Edith (Eadgyth), daughter of King Malcolm III of Scotland, by whom he had up to four children before her death in 1118. When she married Henry, Edith changed her name to Matilda at Henry's request for political reasons. On January 29, 1121, he married Adeliza, daughter of the Count of Louvain, but there were no children from this marriage.

 

       

Child of HENRY BEAUCLERC and EADGYTH is:

7.                i.    MATILDA5, d. September 10, 1169.

 

 


Generation No. 5

 

7.  Empress MATILDA5 (HENRY I4 BEAUCLERC, WILLIAM3I, THE CONQUEROR, ROBERT2I, DUKE OF NORNAMDY, RICHARD1I, DUKE OF NORMANDY) died September 10, 1169.  She married GEOFFREY OF ANJOU April 01, 1127. 

 

Notes for MATILDA:

Empress Matilda (1141 AD)

Matilda is the Latin form of Maud, and the name of the only surviving legitimate child of King Henry I. She was born in 1101, generally it is said at Winchester, but recent research indicates that she was actually born at the Royal Palace in Sutton Courtenay (Berkshire).

 

In something of a political coup for her father, Matilda was betrothed to the German Emperor, Henry V, when she was only eight. They were married on 7th January 1114. She was twelve and he was thirty-two. Unfortunately there were no children and on the Emperor's death in 1125, Matilda was recalled to her father's court.

 

Matilda's only legitimate brother had been killed in the disastrous Wreck of the White Ship in late 1120 and she was now her father's only hope for the continuation of his dynasty. The barons swore allegiance to the young Princess and promised to make her queen after her father's death. She herself needed heirs though and in April 1127, Matilda found herself obliged to marry Prince Geoffrey of Anjou and Maine (the future Geoffrey V, Count of those Regions). He was thirteen, she twenty-three. It is thought that the two never got on. However, despite this unhappy situation they had had three sons in four years.

 

Being absent in Anjou at the time of her father's death on 1st December 1135, possibly due to pregnancy, Matilda was not in much of a position to take up the throne which had been promised her and she quickly lost out to her fast-moving cousin, Stephen. With her husband, she attempted to take Normandy. With encouragement from supporters in England though, it was not long before Matilda invaded her rightful English domain and so began a long-standing Civil War from the powerbase of her half-brother, Robert of Gloucester, in the West Country.

 

After three years of armed struggle, she at last gained the upper hand at the Battle of Lincoln, in February 1141, where King Stephen was captured.

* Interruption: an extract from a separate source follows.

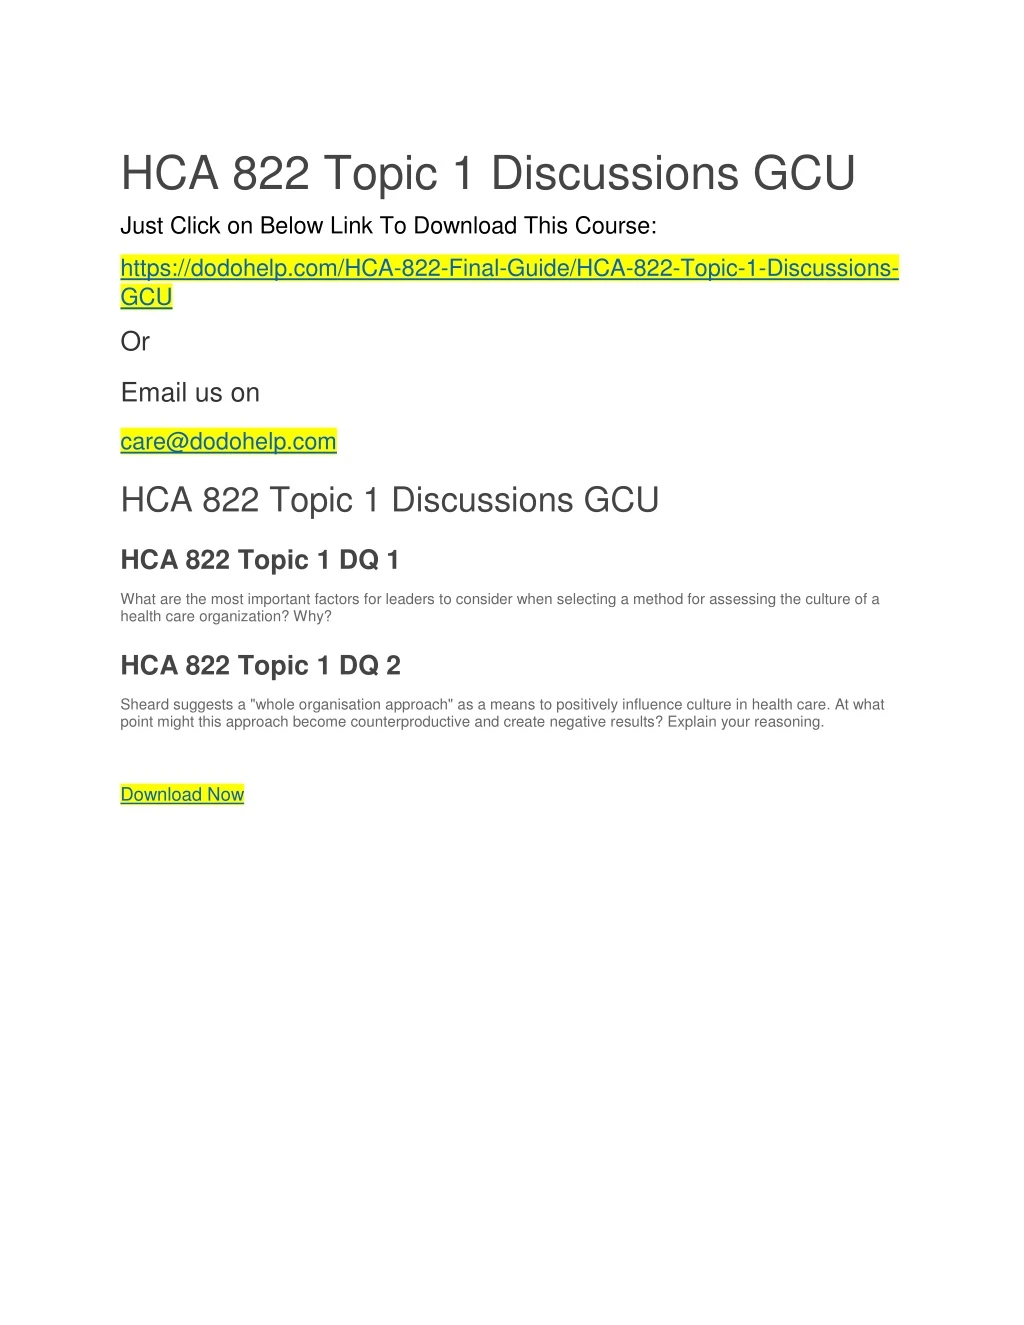 hca 822 topic 1 discussions gcu just click

However, despite being declared Queen or "Lady of the English" at Winchester and winning over Stephen's brother, Henry of Blois, the powerful Bishop of Winchester, Matilda alienated the citizens of London with her arrogant manner. She failed to secure her coronation and the Londoners joined a renewed push from Stephen's Queen and laid siege to the Empress in Winchester. She managed to escape to the West, but while commanding her rearguard, her brother was captured by the enemy.

 

Matilda was obliged to swap Stephen for Robert on 1st November 1141. Thus the King soon reimposed his Royal authority. In 1148, after the death of her half-brother, Matilda finally returned to Normandy, leaving her son, who, in 1154, would become Henry II, to fight on in England. She died at Rouen on 10th September 1169 and was buried in Fontevrault Abbey, though some of her entrails may possibly have been later interred in her father's foundation at Reading Abbey.